▸ TASK DETAILS:
What you return should be the complete listing, unchanged, with no pictures in it.

▸ DATASET EXCERPT:
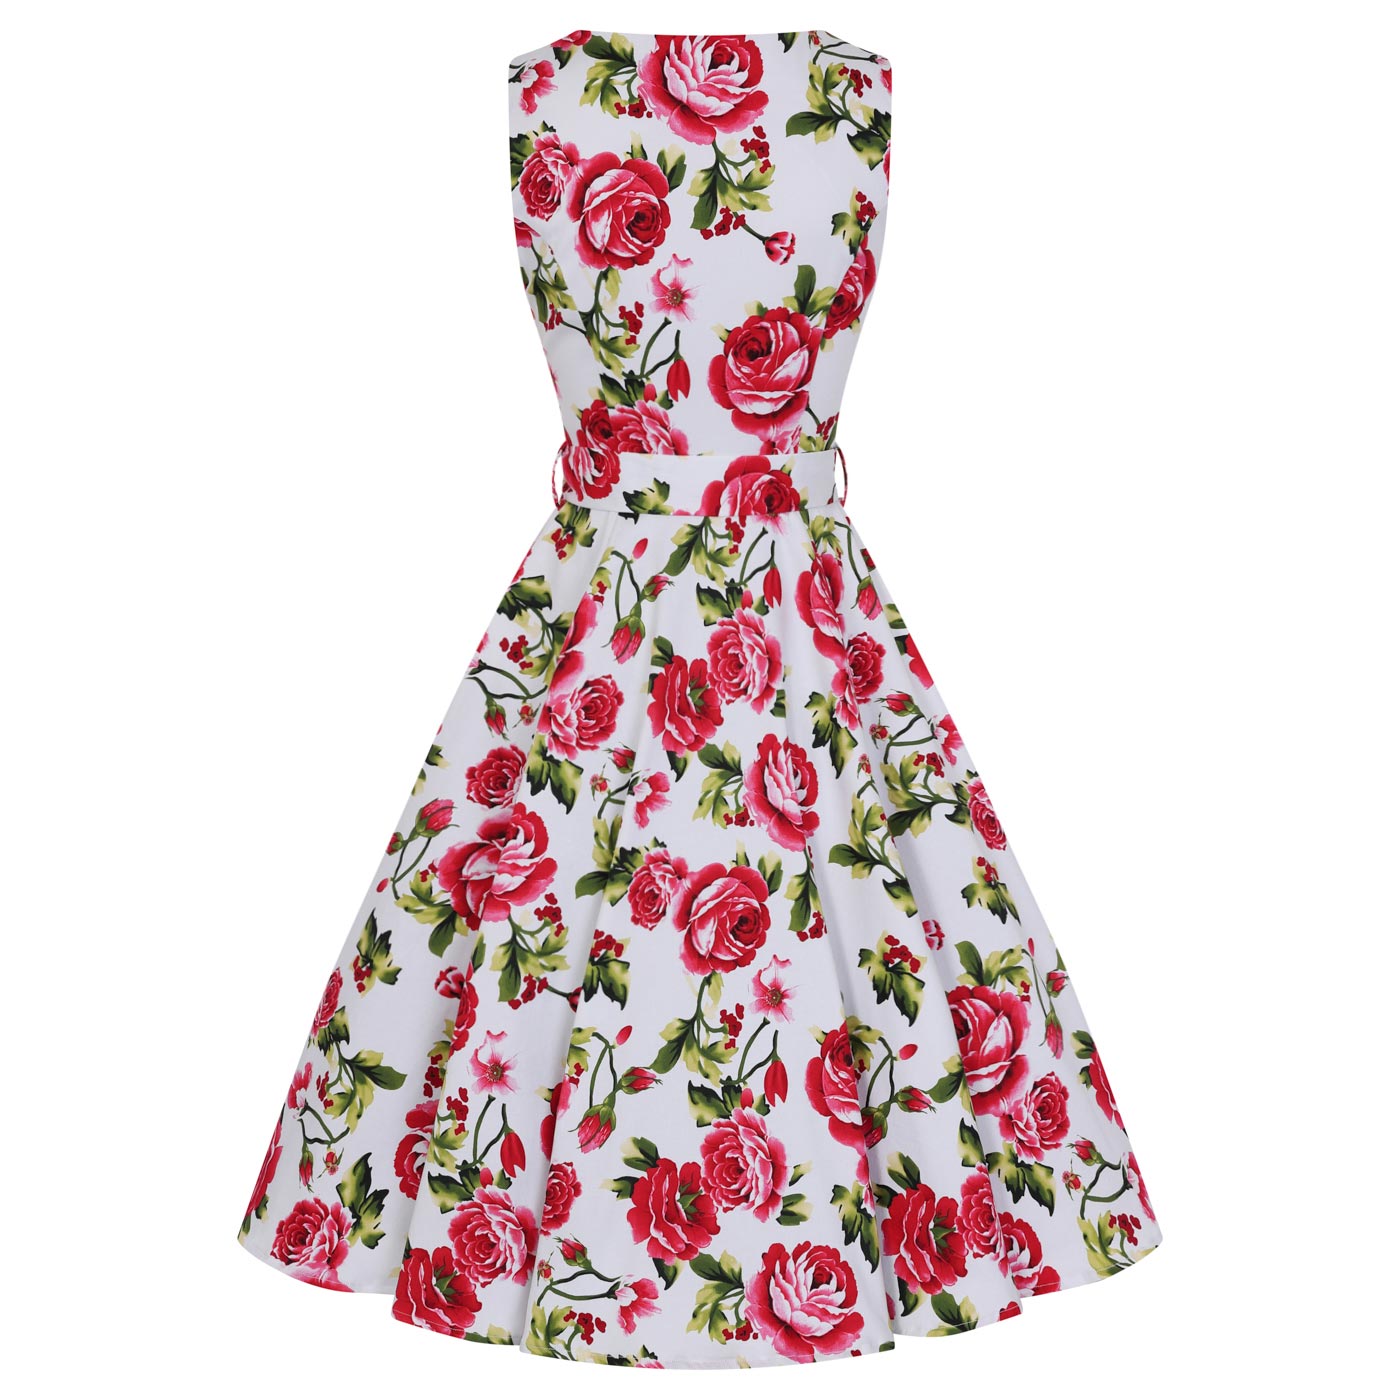 White and Pink Rose Floral Print Audrey 50s Summer Swing Dress - Pretty Kitty Fashion
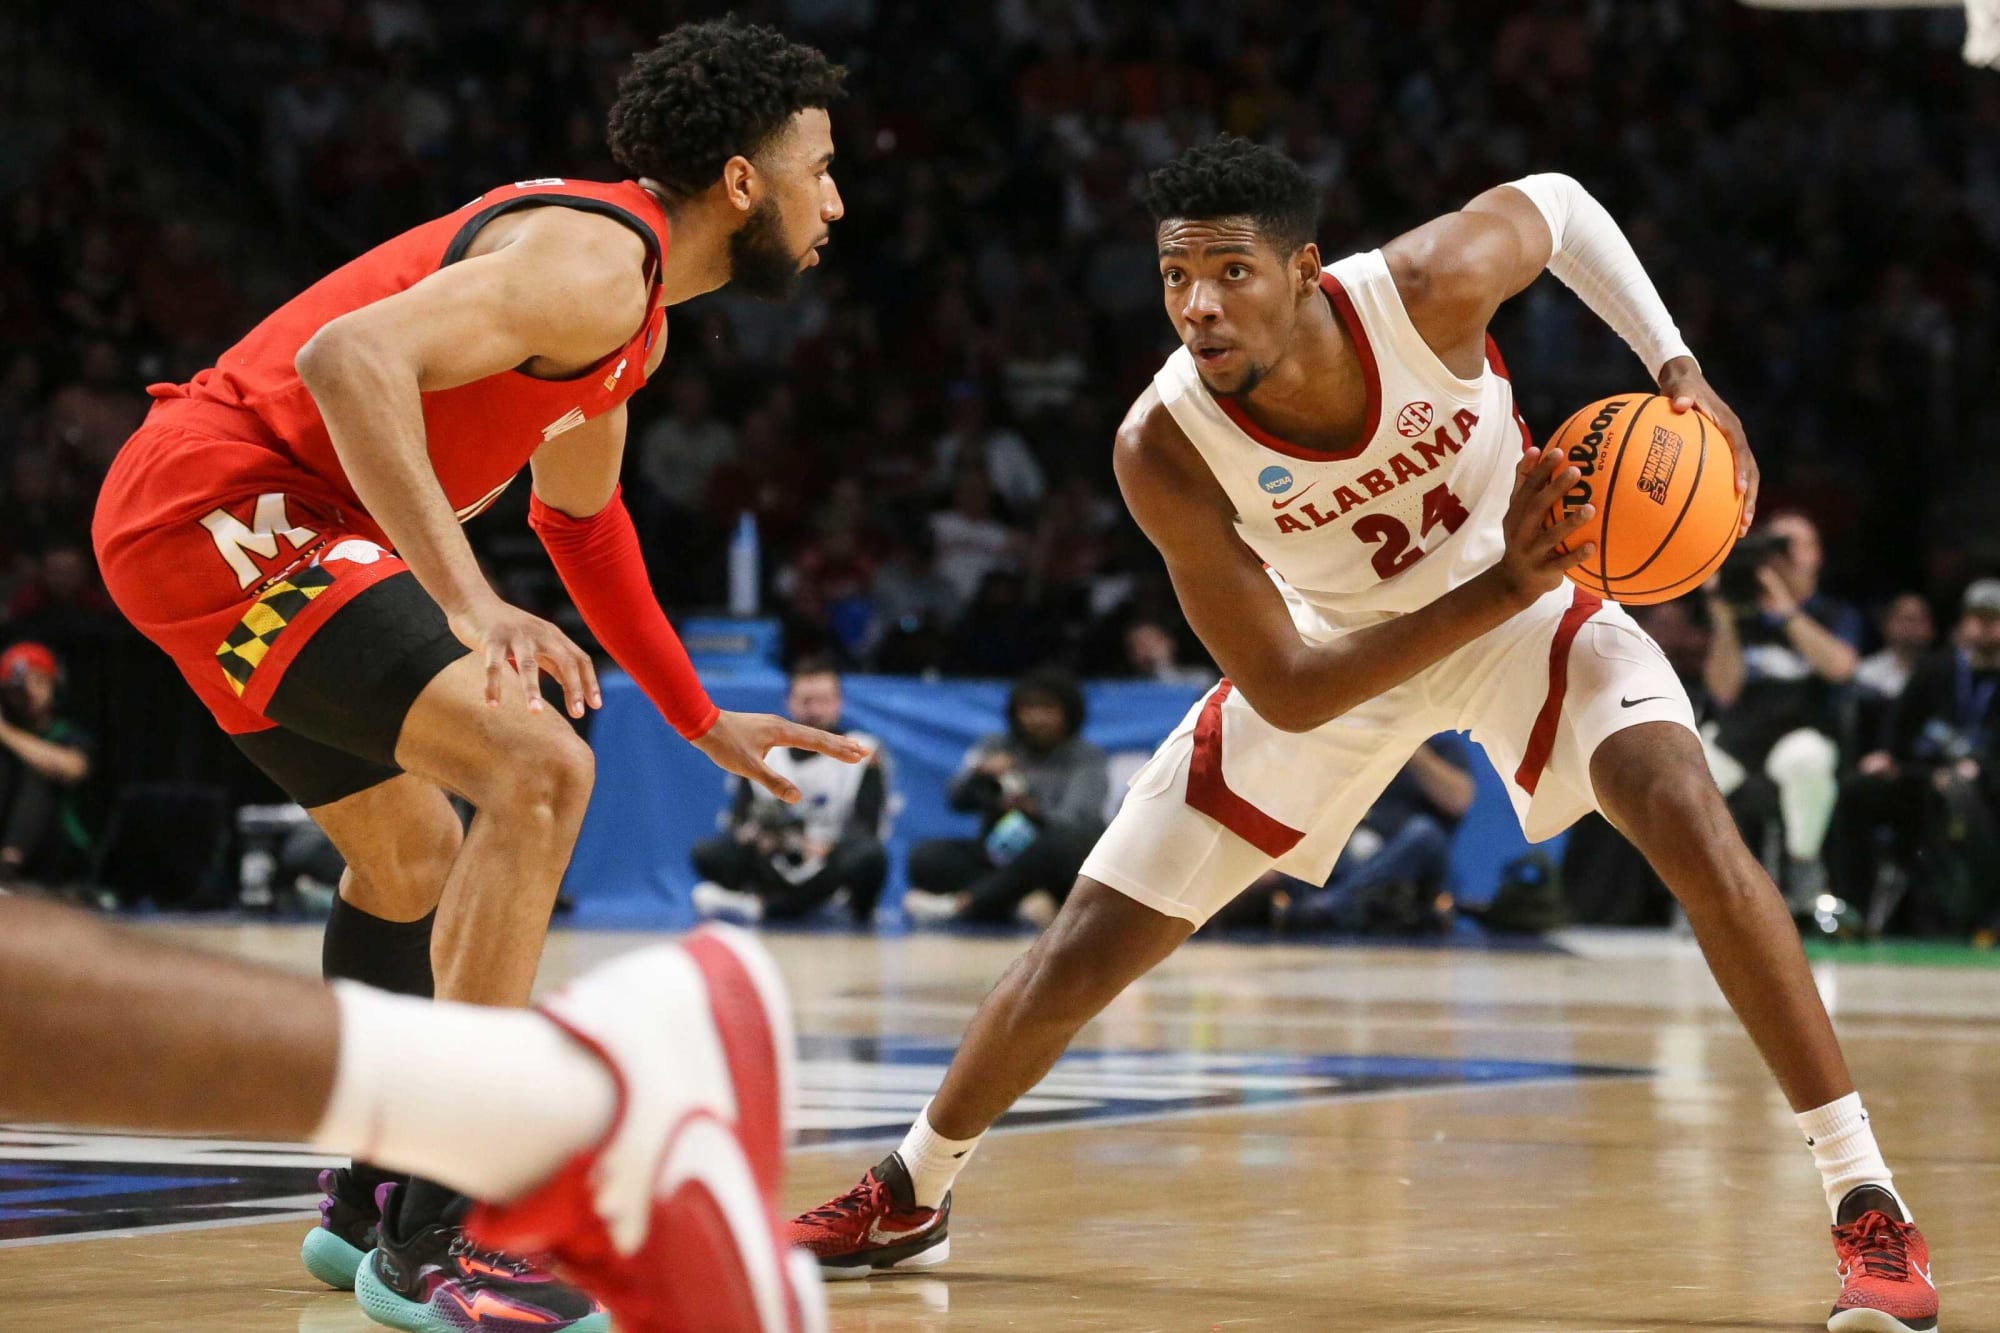 Alabama’s latest odds to win March Madness after advancing to Sweet 16
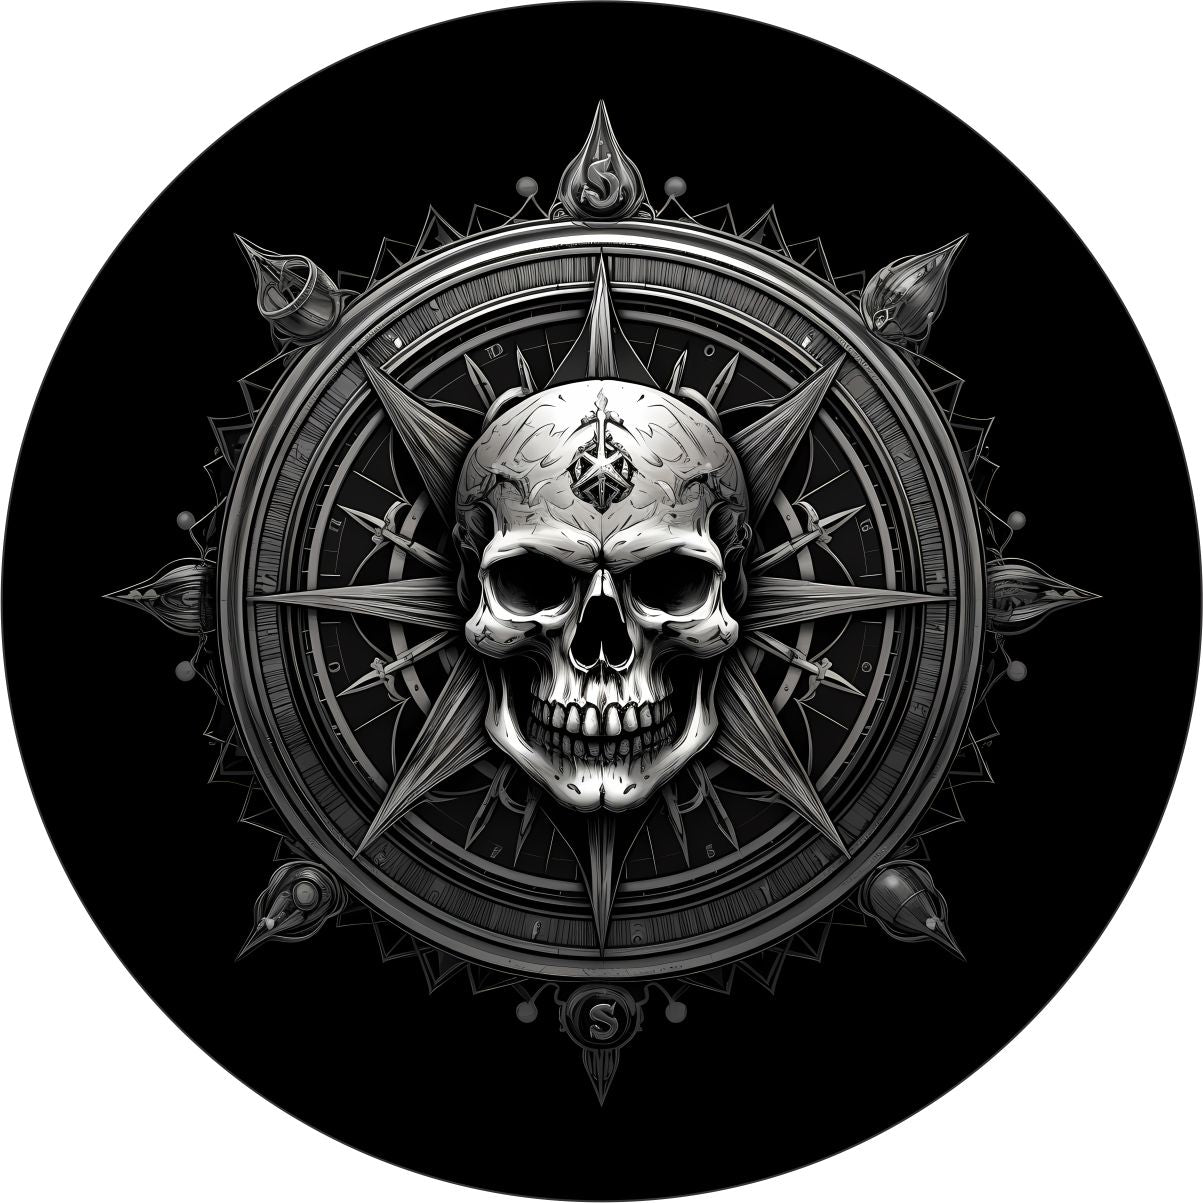 Black spare tire cover mock up with what looks like a metal compass and helm with a mean skull in the center.

▸ EXERCISE RESPONSE:
 White and Pink Rose Floral Print Audrey 50s Summer Swing Dress - Pretty Kitty Fashion
 Alabama’s latest odds to win March Madness after advancing to Sweet 16
 Black spare tire cover mock up with what looks like a metal compass and helm with a mean skull in the center.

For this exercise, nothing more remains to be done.